*Exercise prompt*. In the copy, include exactly the lines from the one with "Lincoln Mkz Engine" through the end of the data and no others, both ends kept, with every picture left out.
── Collected data ──
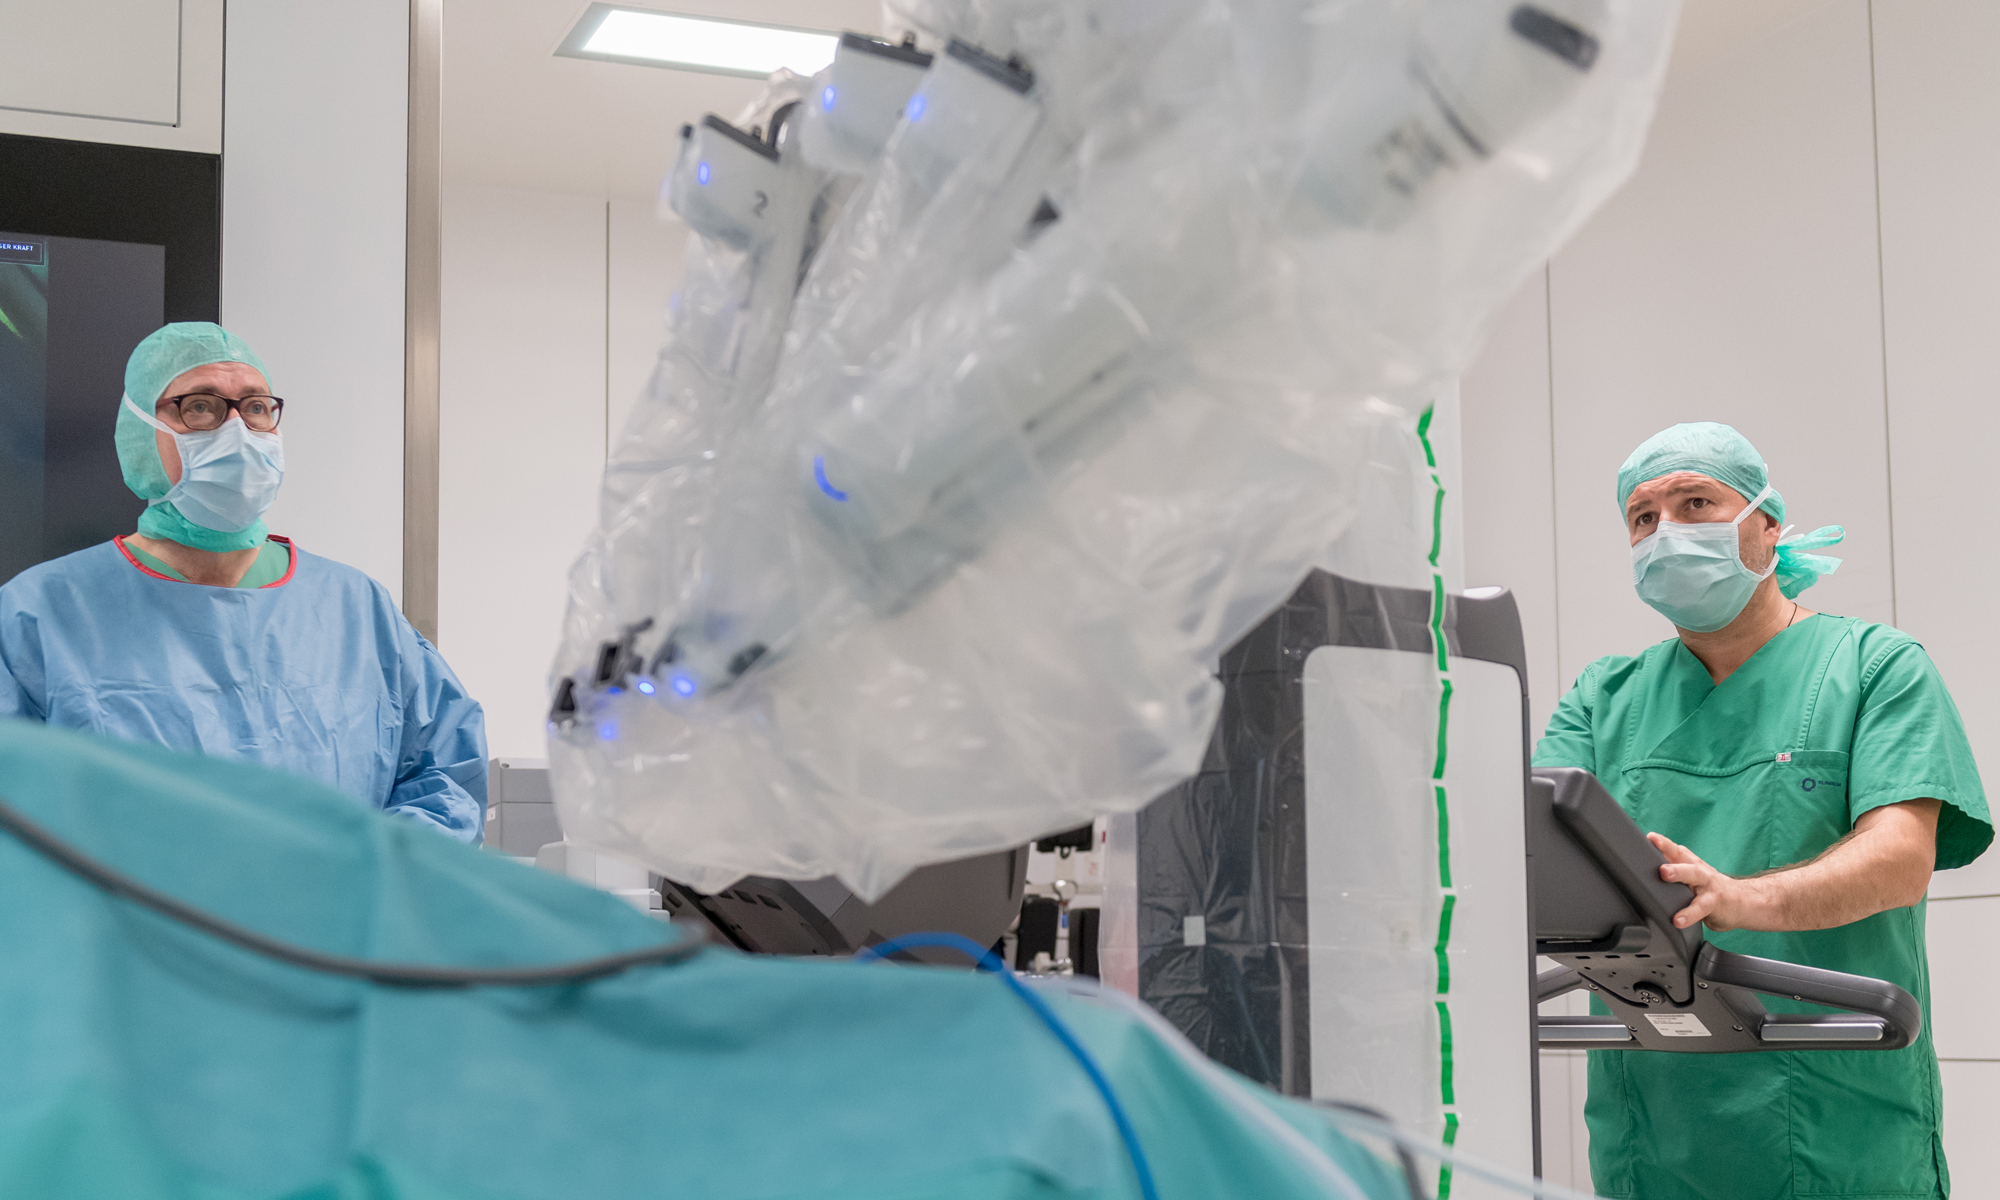 Medizin und Hightech: Florin Mechiu bringt gemeinsam mit Prof. Dr. Andreas Manseck, dem Chefarzt der Klinik für Urologie, den OP-Roboter da Vinci in Position.
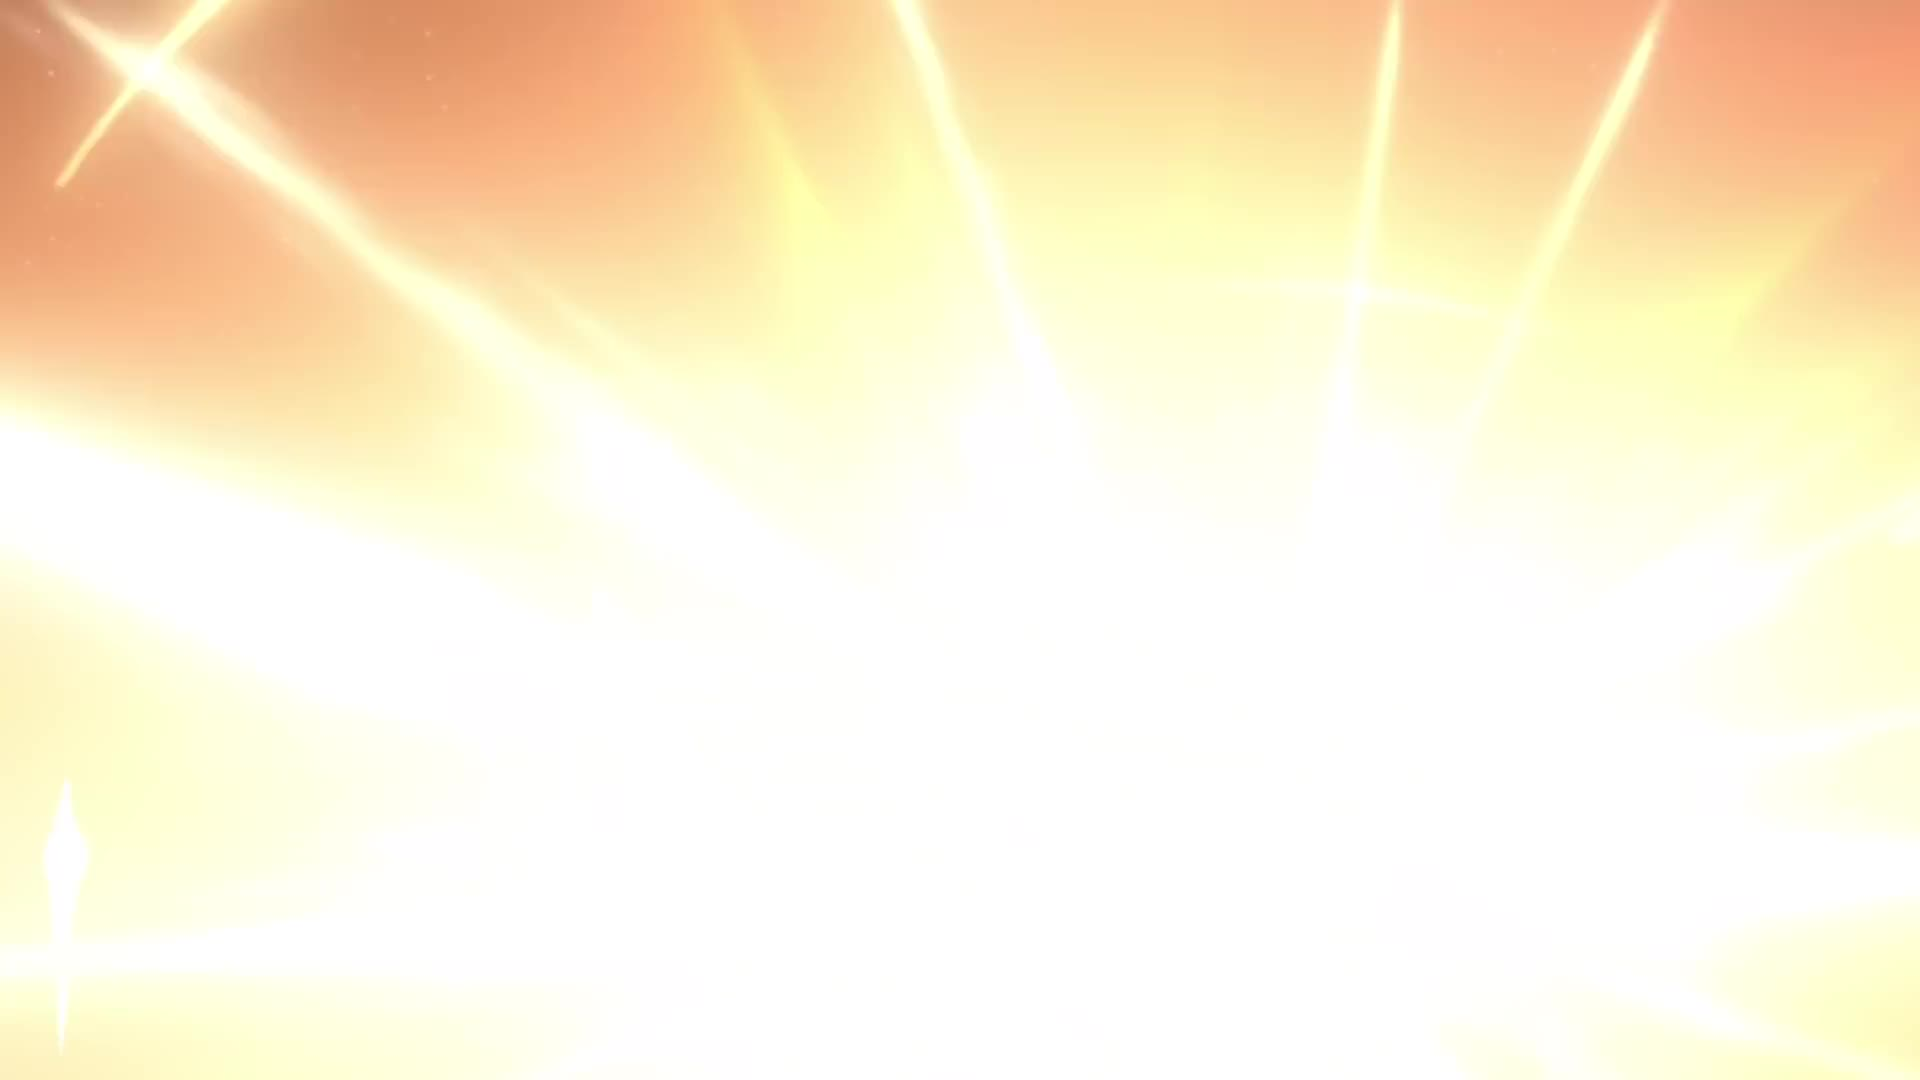 Star Wars Resistance (Season 2) - Official Trailer [HD] screen capture
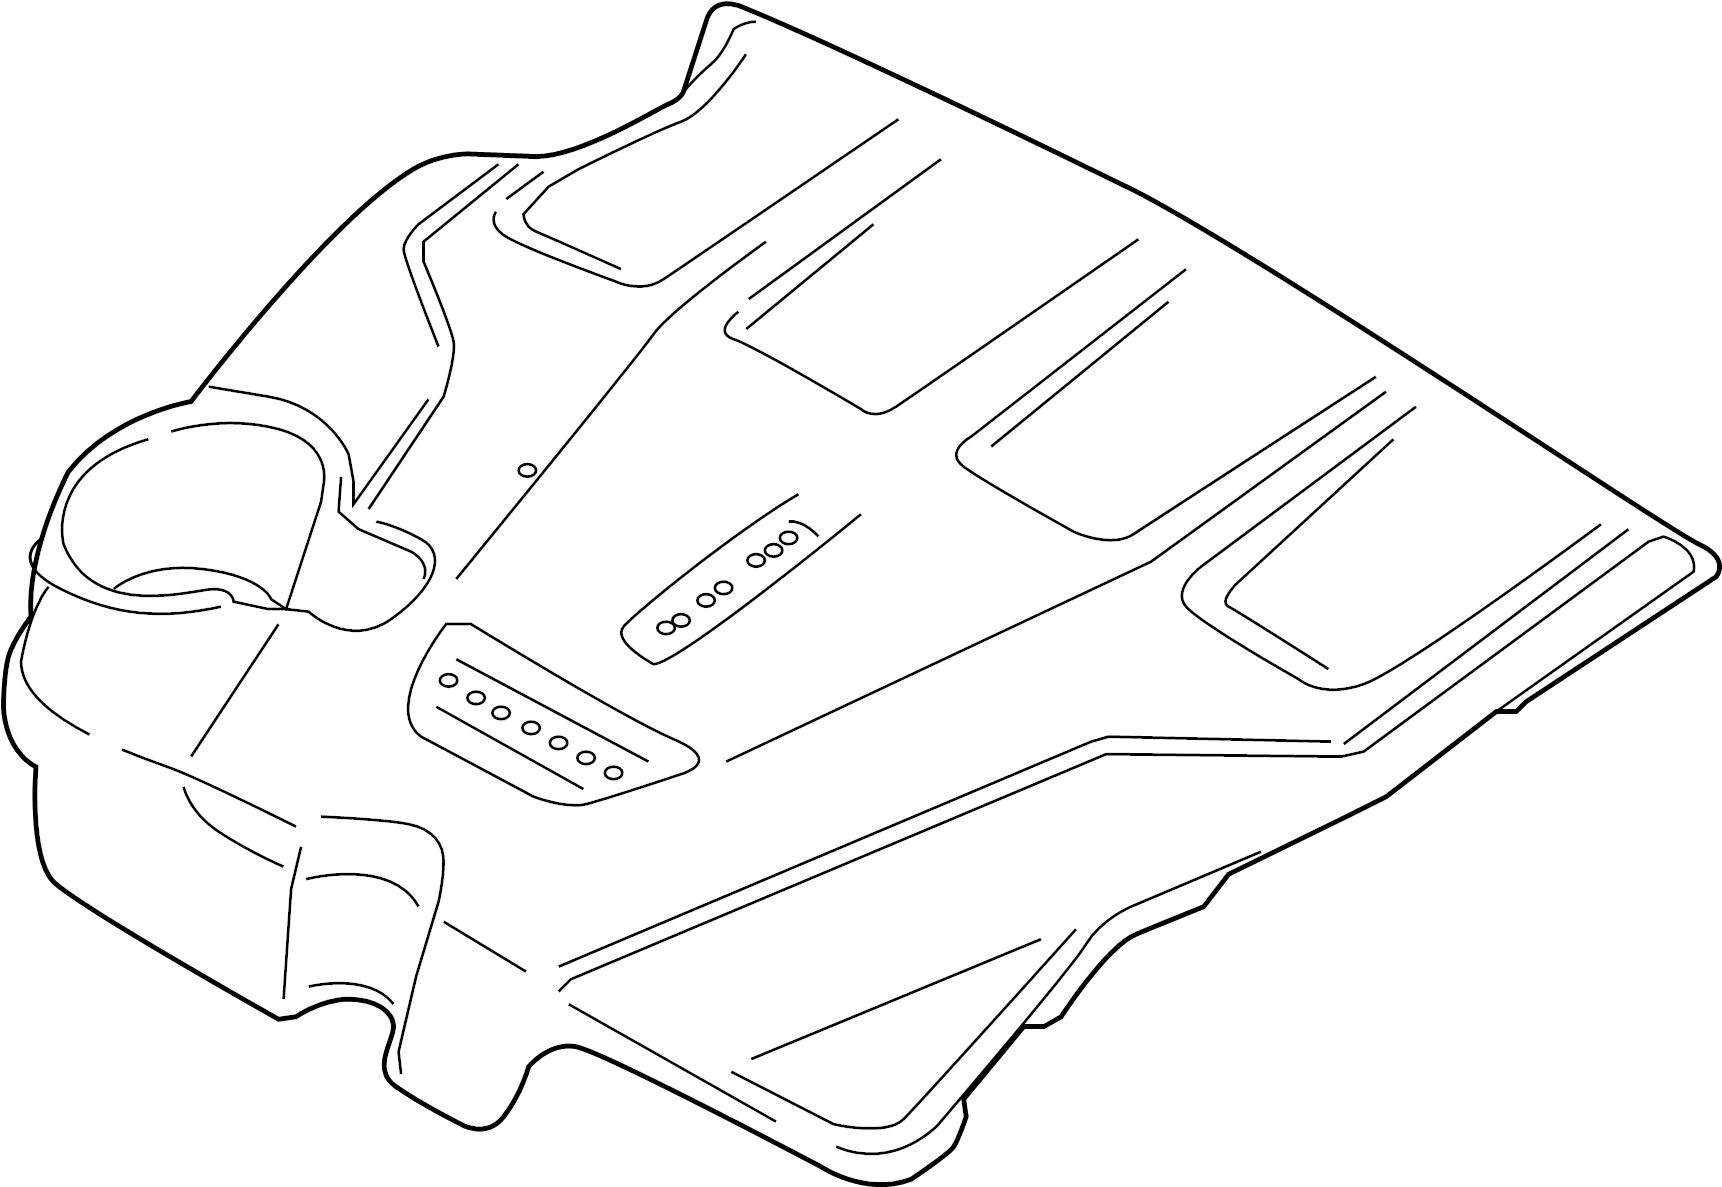 Lincoln Mkz Engine Cover 2 7 Liter 3 0 Liter Transaxle
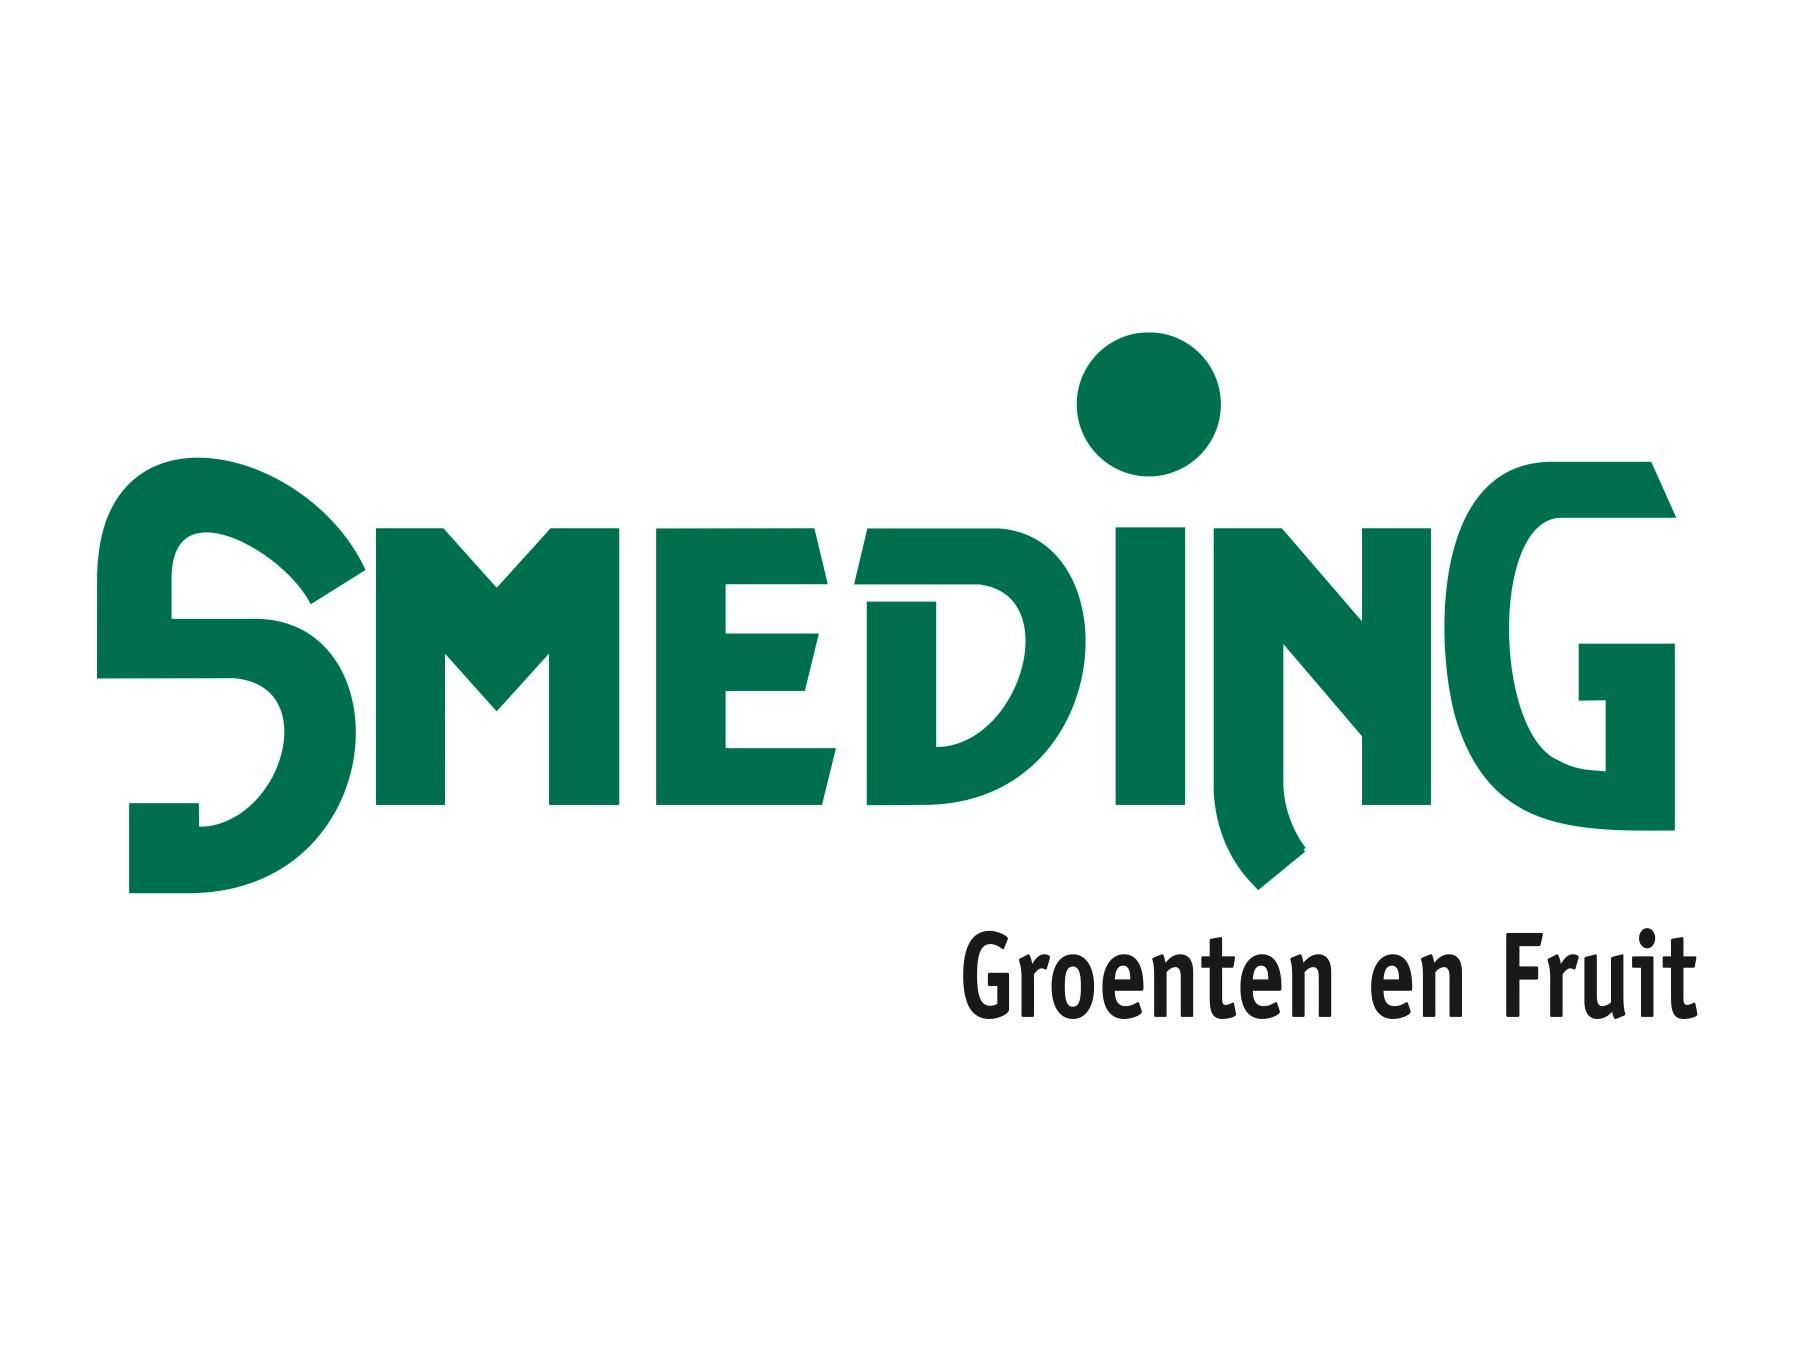 smeding_logo_groot3-4
───
*Exercise response*.
 Lincoln Mkz Engine Cover 2 7 Liter 3 0 Liter Transaxle
 smeding_logo_groot3-4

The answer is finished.